Member Login

You are not currently logged in.








» Register
» Lost your Password?
Article Archives

KEEPING YOUR SANITY WITH CURIOSITY

passionately-curious-einsteinAn essential ingredient for success at anything – beyond the most mundane of rote tasks – is curiosity.

Curiosity is about exploration and discovery; it creates energy, possibilities, and movement. It also allows us to create relationships, and to grow more deeply and delightfully connected with one another. It allows us to play – and excellence in work can be like play for adults.

In my work as a Marriage and Family Therapist, Life Coach, and Business Consultant, I would be utterly useless without curiosity as a central deliberate practice.

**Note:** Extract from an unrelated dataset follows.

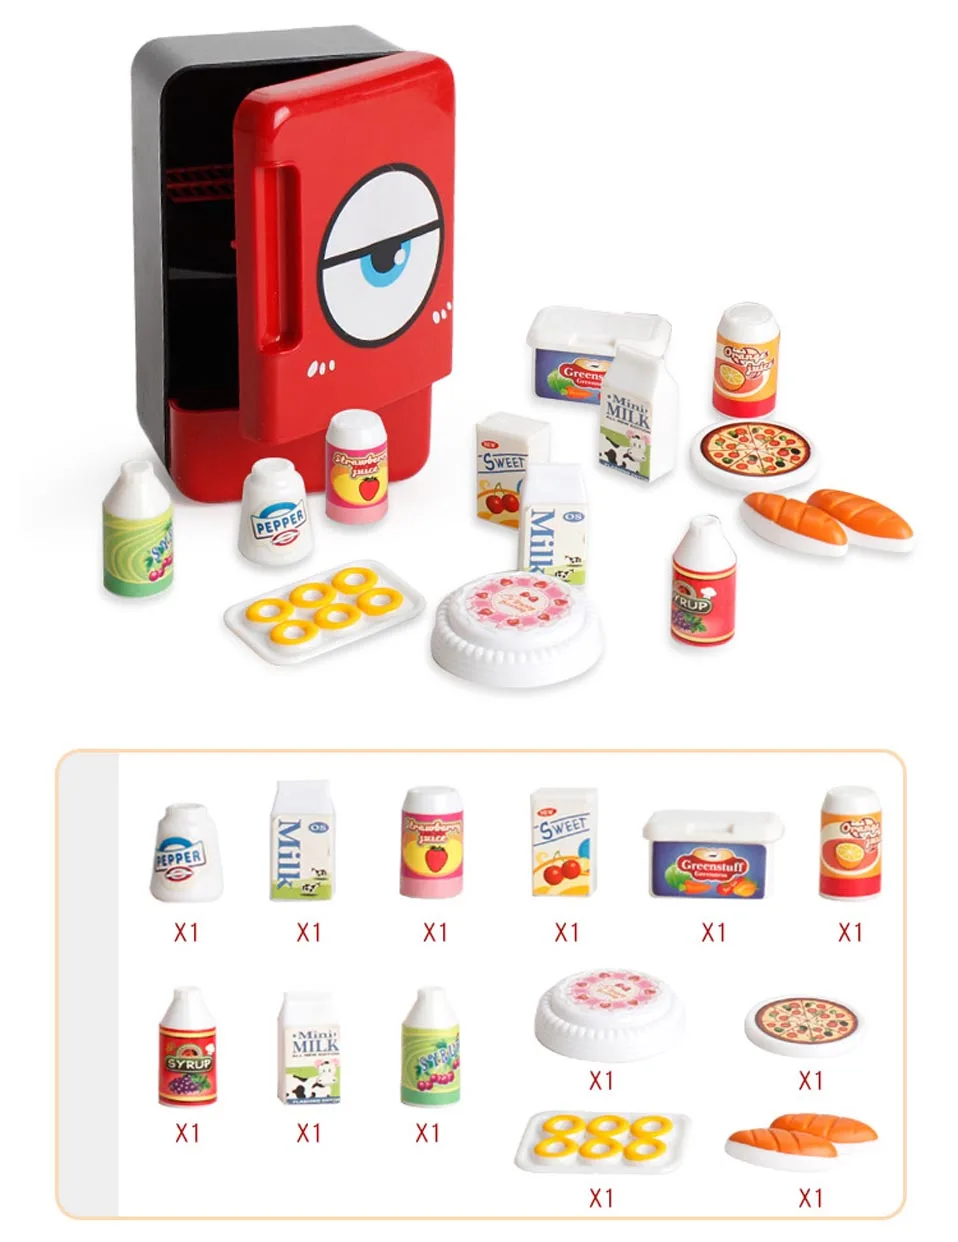 Мини-стиральная машина для макияжа щетка для чистки мини-электронная микроволновая печь пылесос холодильник Семейная Игрушка для ролевых игр

I need to get to know, before I do anything else, who this other person is – or who these people are if it’s a couple or a work team.

I need to be keenly interested in knowing and understanding them, their circumstances, and what their goals and challenges and strengths are. That’s all about curiosity.

You might think, “Well, that sounds like you start with empathy…” But empathy, in my experience, follows from curiosity. If we’re curious about the other person, that’s the portal through which our empathy and care for other people enters.

Think of your own work, your own family, your own friendships. With those with whom you enjoy a good relationship, I would bet that you also are curious about who they are as people.

On the other hand, if there are people from whom you feel more distant or critical, you might find that bringing more curiosity about their internal worlds can bring fresh energy and interest – and perhaps greater compassion as well.

In our work, our success and prospects grow with curiosity. The antithesis of curiosity is a sense of or desire for certainty.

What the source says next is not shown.